Establishing a foreign-invested enterprise (FIE) in Ho Chi Minh City is a strategic investment decision for many international individuals and organizations seeking to penetrate the Vietnamese market. However, this process requires strict compliance with legal regulations, not only at the central level but also regarding local administrative specificities. In practice, many investors encounter serious errors during the document preparation and procedural implementation phases, directly impacting the timeline, legitimacy, and long-term legal standing of the business. This article analyzes several common mistakes from a legal perspective
A frequent error is choosing business lines based solely on market demand without evaluating their legality under Vietnamese law and international treaties. In many cases, investors register for sectors restricted to foreign investment without meeting specific requirements, such as:
Mandatory joint ventures with Vietnamese partners.

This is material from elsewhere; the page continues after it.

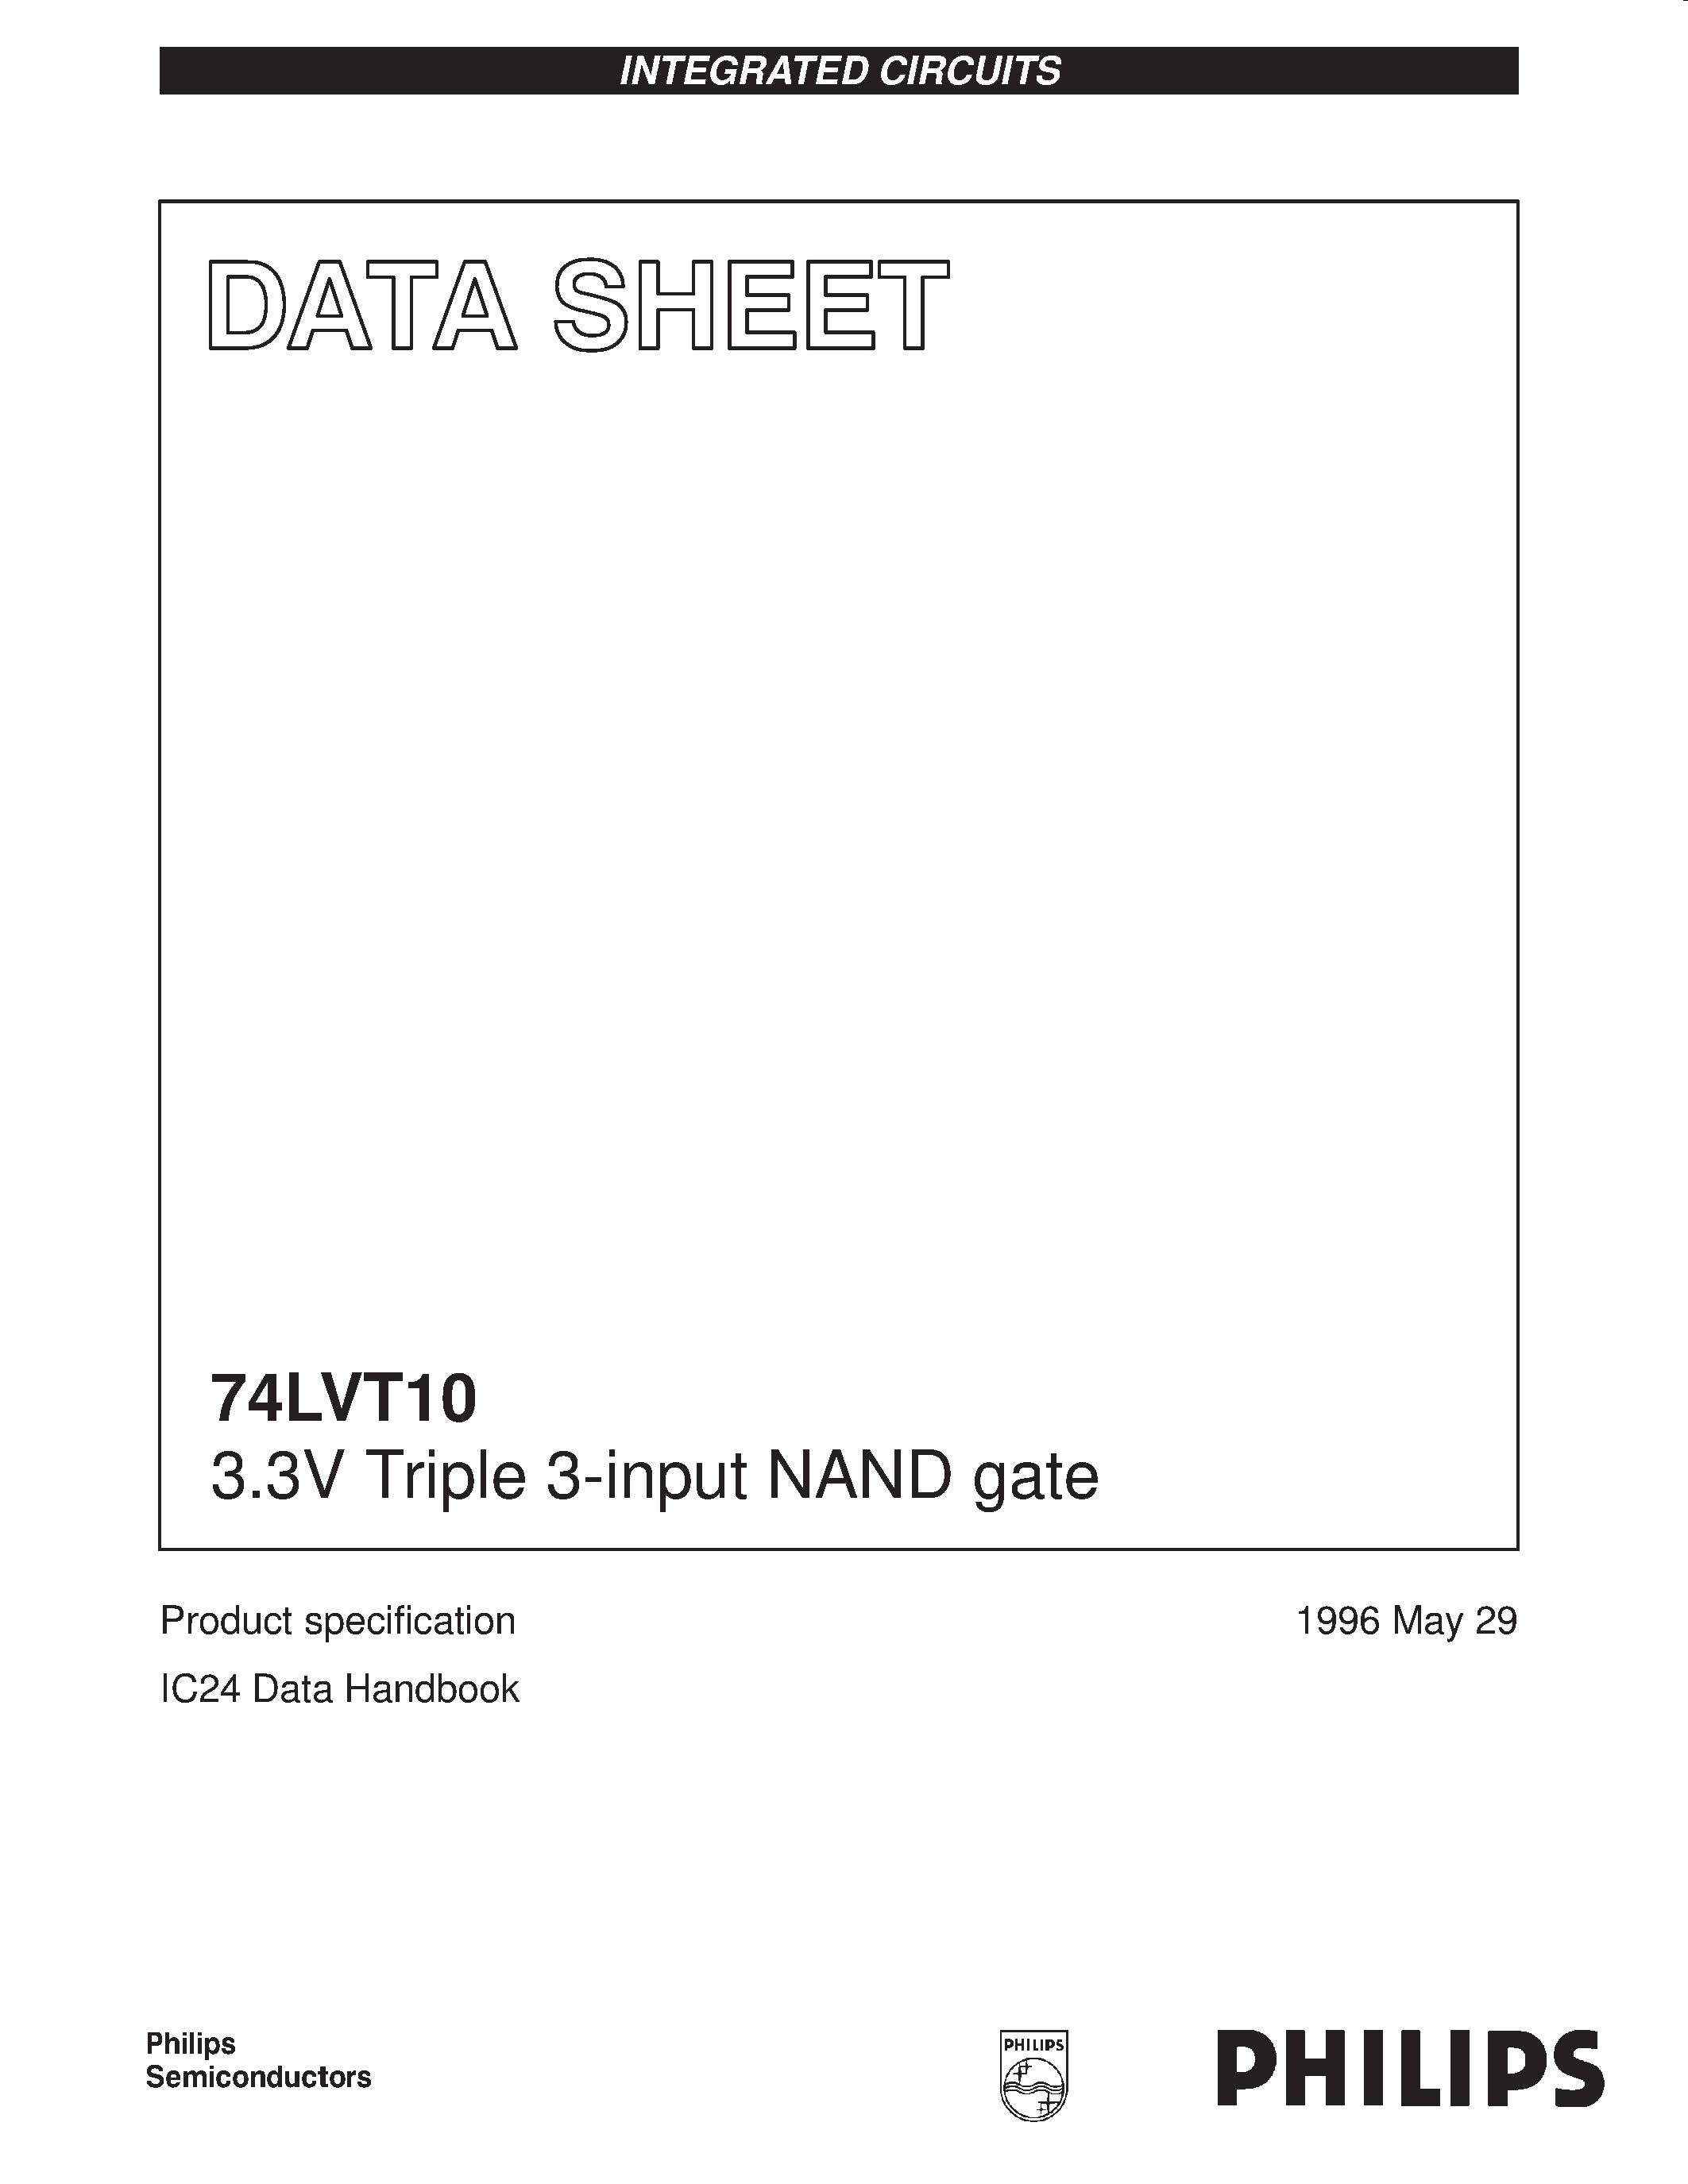 Datasheet 74LVT10 - 3.3V Triple 3-input NAND gate page 1

Requirements for international operational experience.
Proof of specialized financial or business capacity.
Sectors such as logistics, education, advertising, e-commerce, retail distribution, and real estate all have specific investment conditions. Failure to identify these correctly may result in the licensing authority refusing to issue the Investment Registration Certificate (IRC) or suspending operations later for violating WTO commitments or bilateral treaties.
In Vietnam, “conditional” business lines require investors to meet specific criteria set by specialized laws and guiding decrees. Failing to research these requirements leads to stalled licensing and wasted costs.
Language Centers: Under Decree 86/2018/ND-CP, investors must meet strict standards regarding charter capital, facilities, investment per student, curriculum, and teaching staff.
Retail Distribution: Foreign investors must obtain a Retail Business License and satisfy conditions stipulated in Decree 09/2018/ND-CP.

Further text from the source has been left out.